По весне захотелось Оксане в родной дом, да там по-прежнему свирепствовал голод. Дед Алексей и бабушка Мария еще зимой умерли.

Однажды зашел к Оксане сосед — тихий, седовласый, лет шестидесяти, опустился на краешек топчана, посочувствовал:

— Вижу, туго тебе, добрая женщина, с малыми ребятами. Пошла бы на хутор Ракитный. Пастухи там нужны. И дети будут сыты, и хлебом к осени запасешься.
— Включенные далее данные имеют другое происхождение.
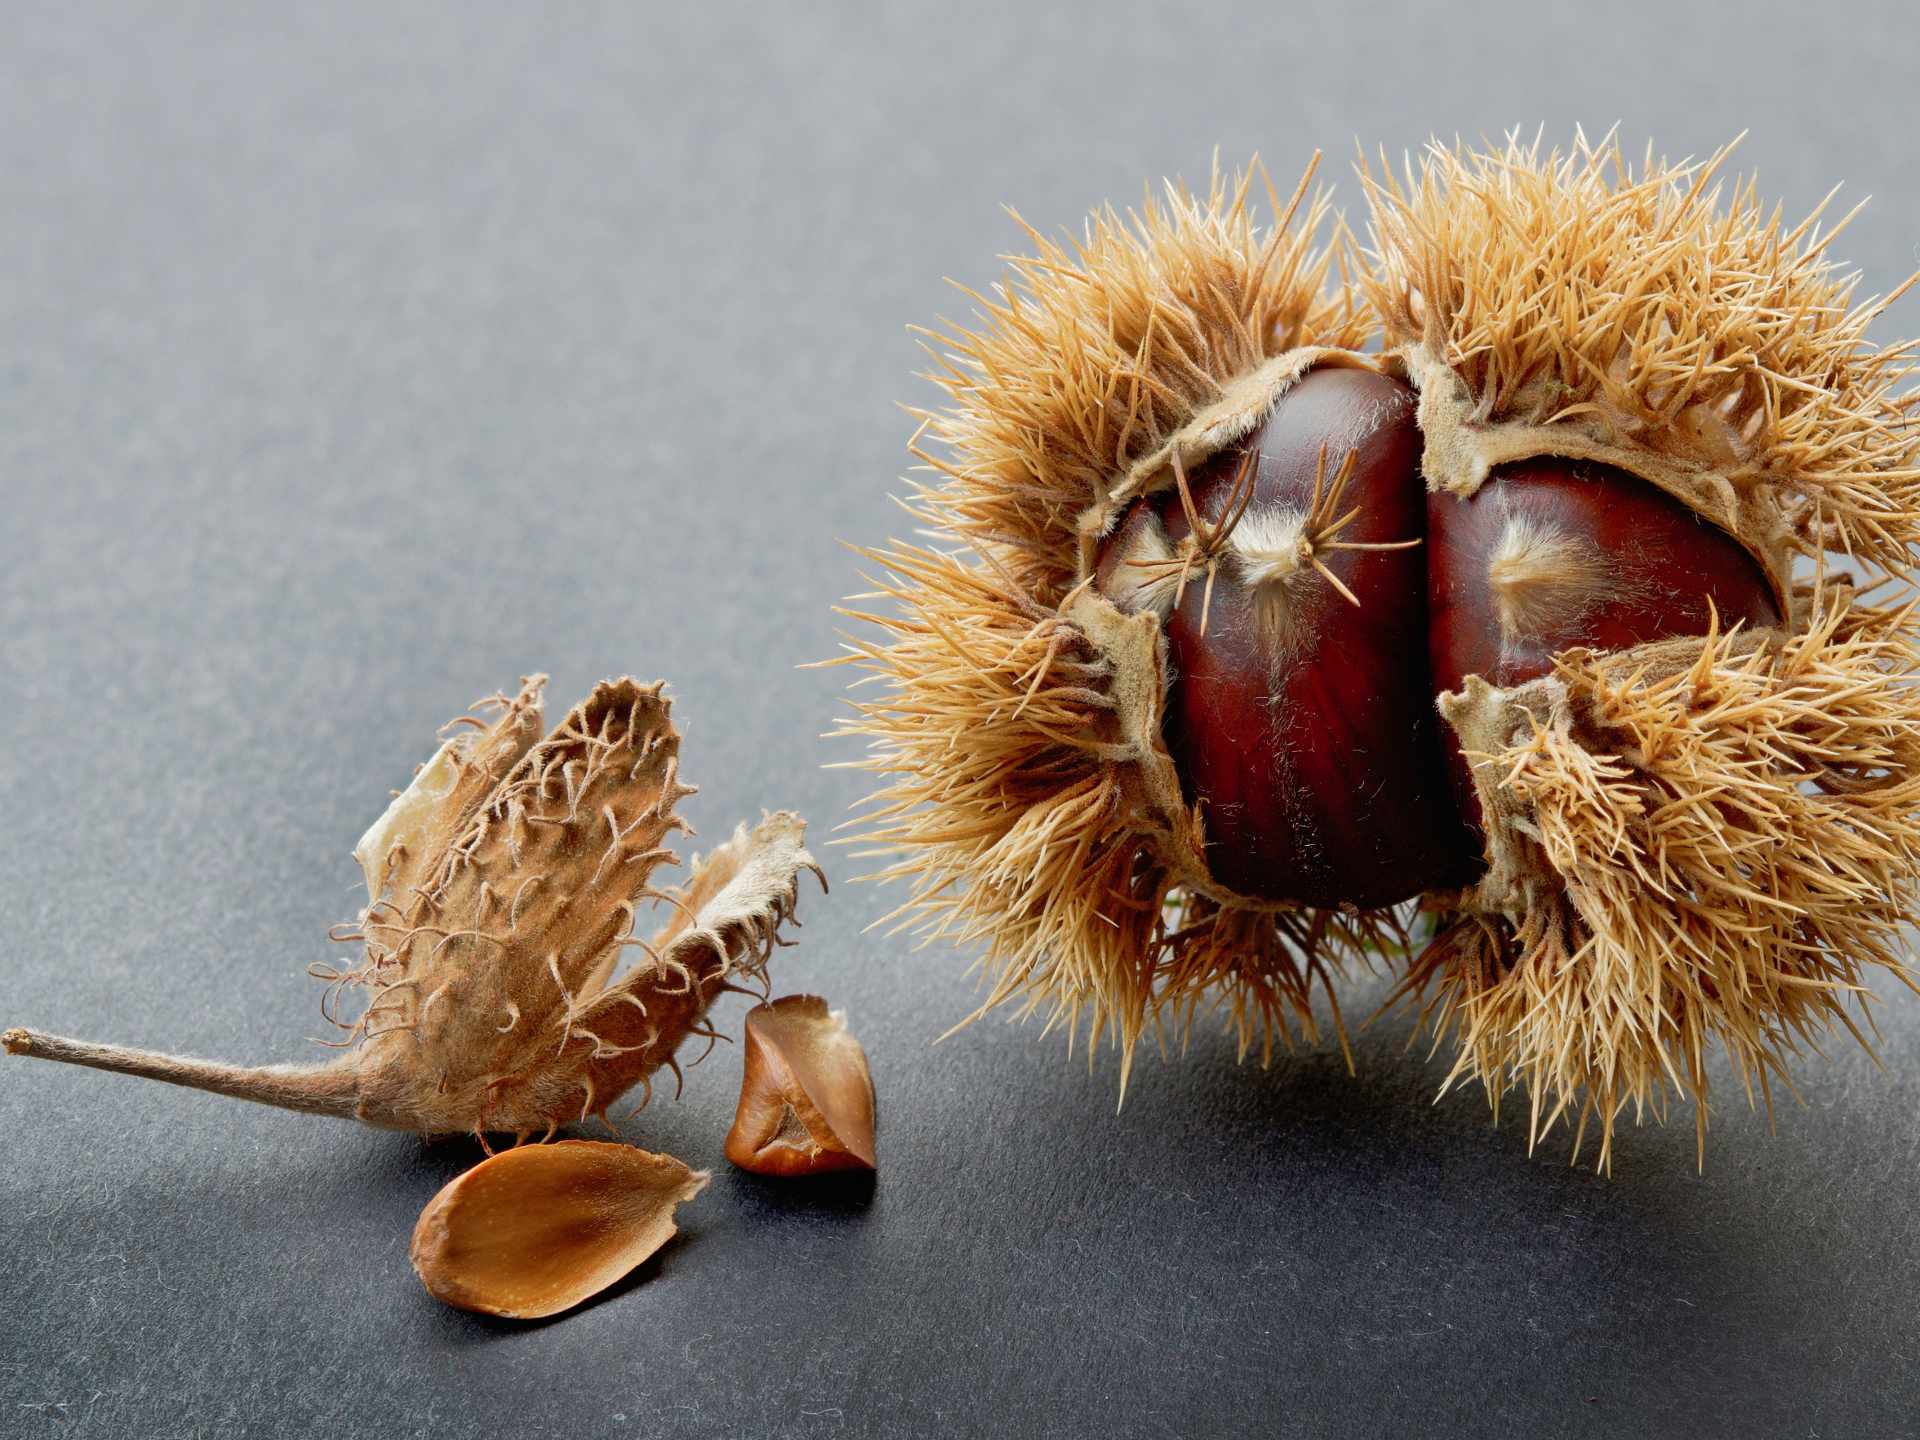 Bucheckern sind an ihrer stacheligen Hülle und der drei-kantigen Form sehr einfach zu erkennen. - Photocredit: pixabay.com/Paul_Henri

Поблагодарила мужика, а на душе еще горше стало, как раскаленными углями сердце обожгли его слова: ей, в прошлом уважаемой, самостоятельной хозяйке, советовали идти в батрачки! Но, поразмыслив, решила, что и хождение по деревням — тоже унижение, и «доктор» из нее, по правде сказать, не всегда надежный. А как тяжело, если не в силах помочь больному и он умирает. Может, и прав сосед?

Хутор встретил ее разноголосым лаем собак. У крайней хаты чуть не угодила под лошадь выскочившего со двора всадника.

— Тебе чего? — спросил дюжий мужчина, осадив коня.

— Мне бы старосту…

— Вон под цинковой крышей дом. Спросишь Жернового Демида.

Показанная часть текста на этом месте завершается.